Dr Hassan Abbasi, head of the Centre for Doctrinal Strategic Studies in the Revolutionary Guards, said in a speech that 29 western targets had been identified:
“We are ready to attack American and British sensitive points if they attack Iran’s nuclear facilities.” He added that some of them were “quite close” to the Iranian border in Iraq.In a tape recording heard by The Sunday Times, Abbasi warned the would-be martyrs to “pay close attention to wily England” and vowed that “Britain’s demise is on our agenda”.
At a recruiting station in Tehran recently, volunteers for the force had to show their birth certificates, give proof of their address and tick a box stating whether they would prefer to attack American targets in Iraq or Israeli targets.
President Mahmoud Ahmadinejad warned last Friday that Israel was heading towards “annihilation”. He was speaking at a Tehran conference on Palestinian rights aimed at promoting Iran as a new Middle Eastern superpower.
According to western intelligence documents leaked to The Sunday Times, the Revolutionary Guards are in charge of a secret nuclear weapons programme designed to evade the scrutiny of the International Atomic Energy Agency.
One of the leaked reports, dating from February this year, confirms that President George W Bush is preparing to strike Iran. “If the problem is not resolved in some way, he intends to act before leaving office because it would be ‘unfair’ to leave the task of destroying Iran’s nuclear facilities to a new president,” the document says.
Alireza Jafarzadeh, a former spokesman for National Council of Resistance of Iran (NCRI), an opposition group, said a secret, parallel military programme was under way. According to sources inside Iran, the Revolutionary Guards were constructing underground sites that could be activated if Iran’s known nuclear facilities were destroyed.
The NCRI is the political wing of the Mujaheddin-e-Khalq, which is deemed a terrorist organisation in Britain and America. However, much of its information is considered to be “absolutely credible” by western intelligence sources after Jafarzadeh revealed the existence of the Natanz plant in 2002.
Within the past year, 14 large and several smaller projects have been created, according to Jafarzadeh. Several are designed to be nuclear factories; others are for the storage of weapons, he claimed.
Wild Thing's comment.....
The government in Iran needs its ass kicked hard. 40,000 trained suicide bombers? Good grief! Their rhetoric is on overkill!

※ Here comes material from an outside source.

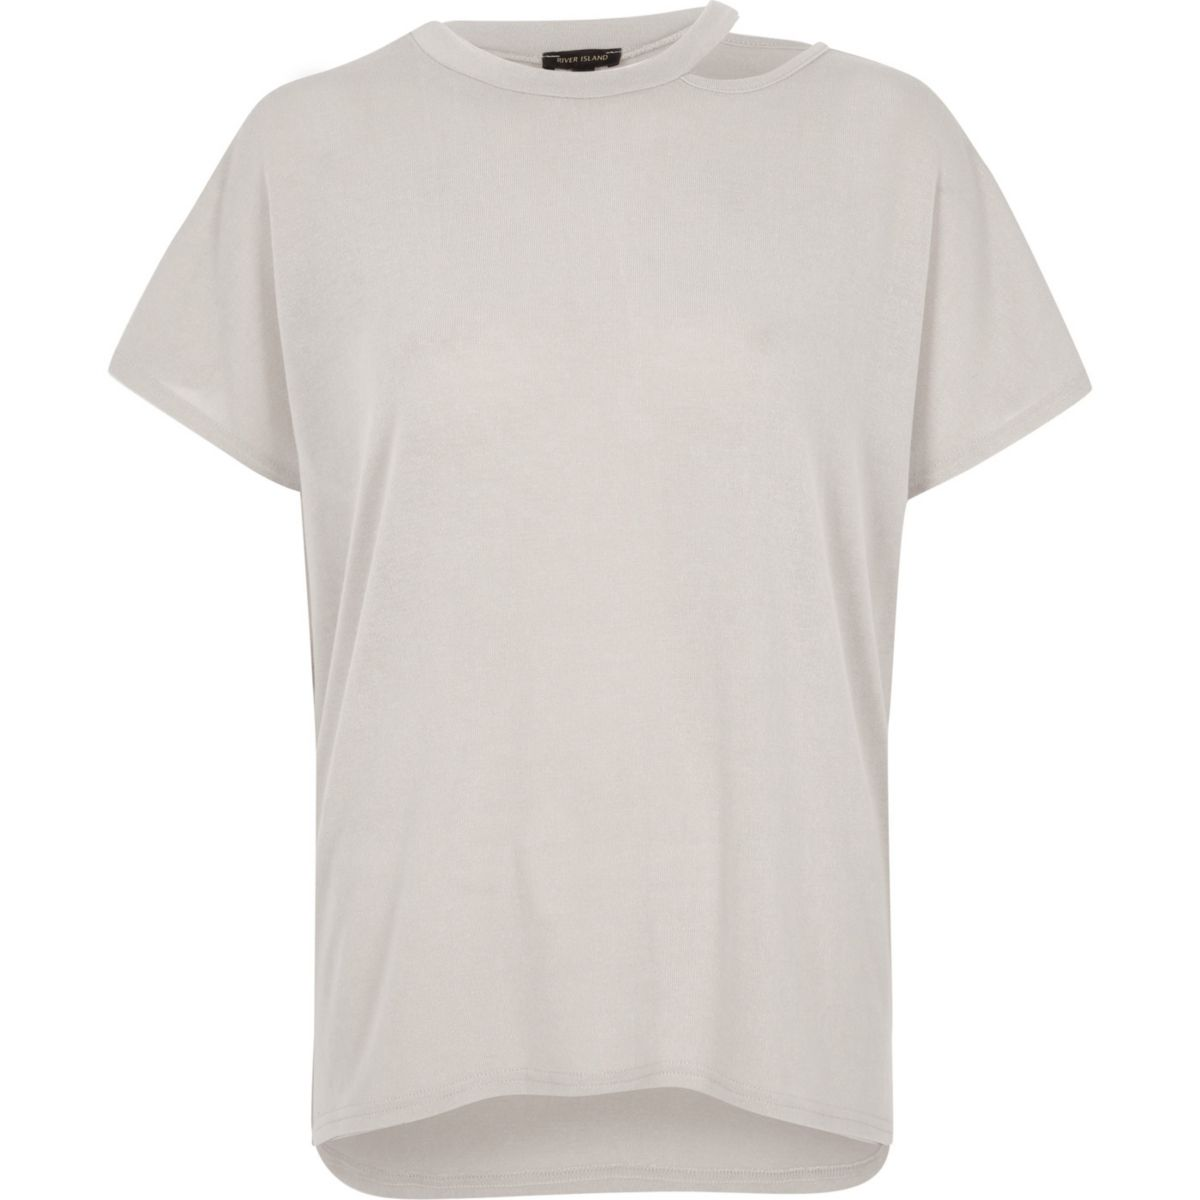 Light grey knit cut out neck T-shirt

Hey all you Revolutionary Guard Guys, most of us Amuricans hang out at a place in New York called the United Nations. But, please don't bomb that, we use that as a place to make our films about your culture being bad and we use that as a place to plan wars against your country. We'd be really unhappy if you bombed our United Nations headquarters in New York City.
Let me know if you need the address.
Posted by Wild Thing at April 16, 2006 12:04 AM
Comments
This story must be exagerated... the government of Iran is not the most inteligent of collectives, but they are not suicidal. They know perfectly well that the current US government would really like an excuse to bomb Iran back to the stone-age. They also know that if the US did invade... well, it might very well fail to keep hold of Iran afterwards, but it would have no trouble wipeing out the current government there.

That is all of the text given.